![[Speaking Report] I gave a presentation titled "The Path to Production Implementation of Amazon Bedrock AgentCore: Practical Architecture Design" at AI Builders Day Online (pre-event)!](https://devio2024-media.developers.io/image/upload/f_auto,q_auto,w_3840/v1764423110/user-gen-eyecatch/mukxbugqn4kvugo8fwow.png)
[Speaking Report] I gave a presentation titled "The Path to Production Implementation of Amazon Bedrock AgentCore: Practical Architecture Design" at AI Builders Day Online (pre-event)!
This page has been translated by machine translation. View original
Introduction
Hello, I'm Jinno from the Consulting Department, a big fan of supermarket (La-mu).
I had the opportunity to speak at the AI Builders Day Online (pre-event) held on November 27, 2025 (Thursday)!
Actually, this was my first time speaking at such a large external community event, so I was quite nervous...! The other speakers covered very practical topics, and it was interesting to hear from people who are actually creating AI agents. It was a really great event! Thank you again to all the organizers!
Presentation Materials
This presentation aimed to discuss practical applications of AgentCore, and assumes that the audience has at least some experience with AgentCore...!

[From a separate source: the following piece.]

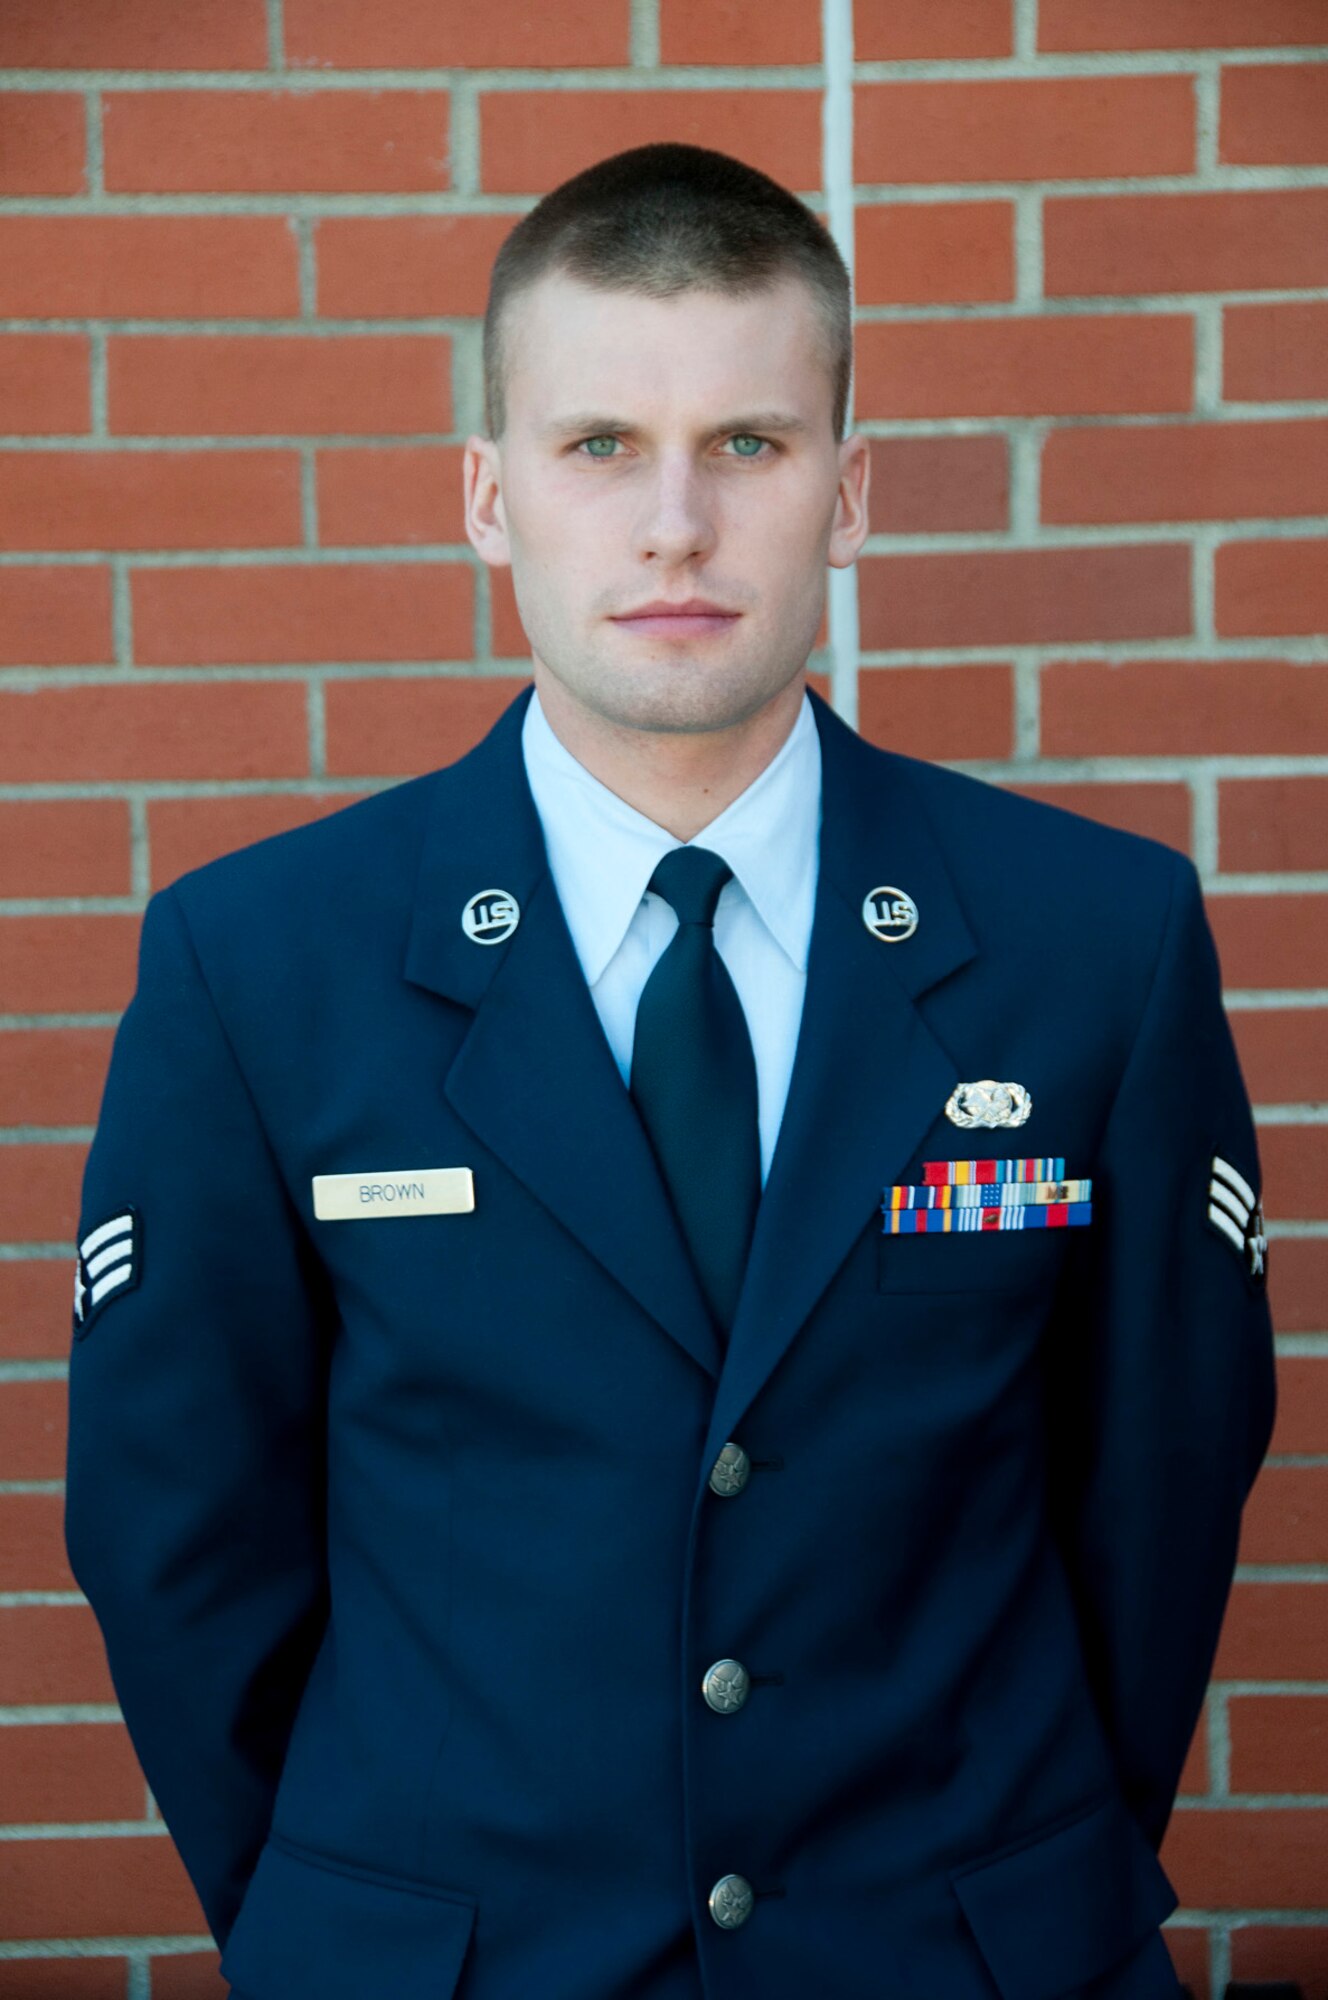 Senior Airman, Joshua Brown, is awarded Airman of the year at the 139th Airlift Wing.
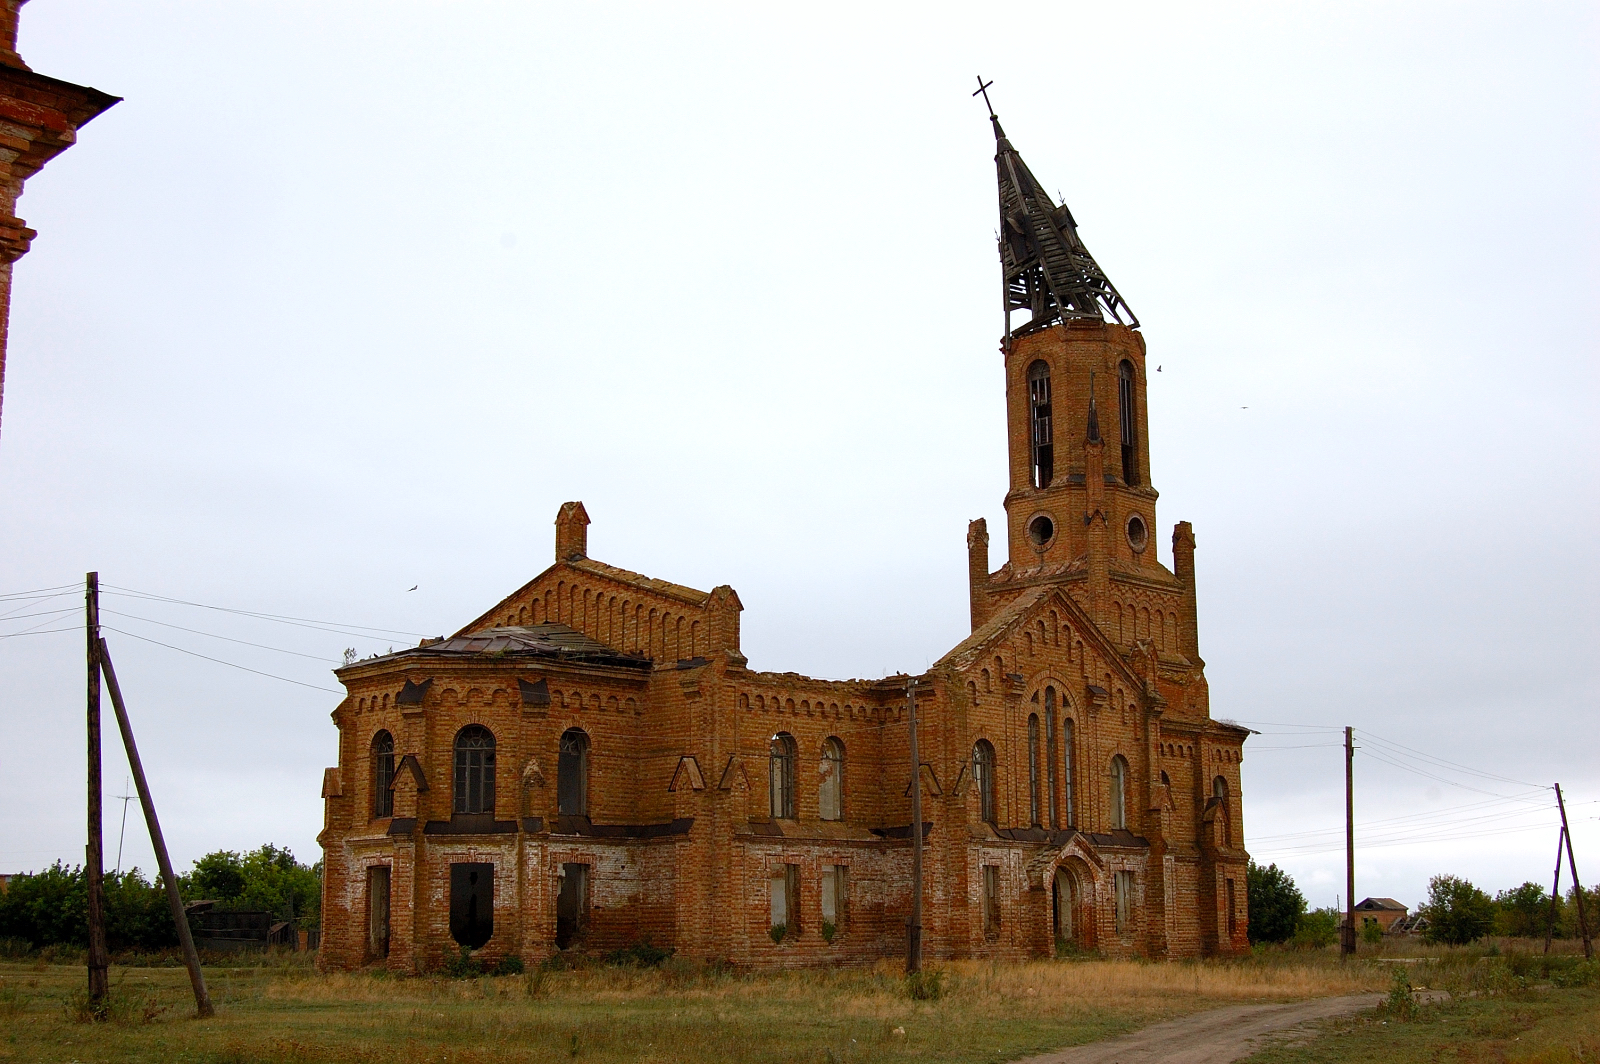 The ruins of the magnificent church in Messer. Source: Steve Schreiber (2006).

If you'd like to learn about the basics of AgentCore, please refer to the following blog post!
Explanation of the Materials
How to Use Runtime Endpoints
Runtime has endpoints, and each time you deploy, it keeps a version that increments, with the DEFAULT endpoint always linked to the latest version. So when you call an endpoint, the latest version is executed.

You can also specify named endpoints other than DEFAULT.
For example, you can name a production endpoint as "prod", and named endpoints can be called by specifying the endpoint name with the qualifier parameter as shown below.
Conversely, if you don't specify a qualifier, the DEFAULT endpoint will be executed.
https://bedrock-agentcore.{region}.amazonaws.com/runtimes/{EncodedAgentARN}/invocations?qualifier=prod

When considering an application hosted on Runtime for production use, you would thoroughly test the latest version and, if there are no issues, update the version linked to the production endpoint.

CloudFront / Lambda Proxy Pattern
The URL format for using an endpoint after deploying Runtime looks like this:
https://bedrock-agentcore.ap-northeast-1.amazonaws.com/runtimes/arn%3Aaws%3Abedrock-agentcore%3Aap-northeast-1%3A123456789012%3Aagent-runtime%2Fabcd1234/invocations
Hmm... having to include the account ID and encode the ARN feels a bit uncomfortable, doesn't it? You might also want to use a custom domain in some cases.

Let's consider using CloudFront in front of the AgentCore Runtime to address these issues. It's nice to be able to use a custom domain and potentially WAF as well. This eliminates the need to encode ARNs or worry about exposing your account ID.

Next, let's consider placing Lambda + CloudFront at the front.
This approach allows you to intercept processing with Lambda in addition to the previous configuration, and potentially validate custom tokens in conjunction with Cognito.
For access control, making AgentCore use IAM authentication creates a setup where it can only be accessed through Lambda. With just CloudFront, it was possible to execute directly with the original URL if you had the token, but with this configuration, the original URL cannot be called without IAM permissions.
However, since AgentCore currently doesn't have resource-based policies, it can still be called directly if someone has IAM permissions. If you want to strictly ensure "Lambda-only access," you need to carefully design the scope of IAM permission grants.
Resource-based policies are now supported! If you want to strictly ensure "Lambda-only access," use resource-based policies!

With a recent API Gateway update, stream responses are now possible. This update makes it possible to place API Gateway + Lambda at the front. The basics are similar to the previous setup, but having API Gateway at the front makes it easier to use API Keys and configure authentication.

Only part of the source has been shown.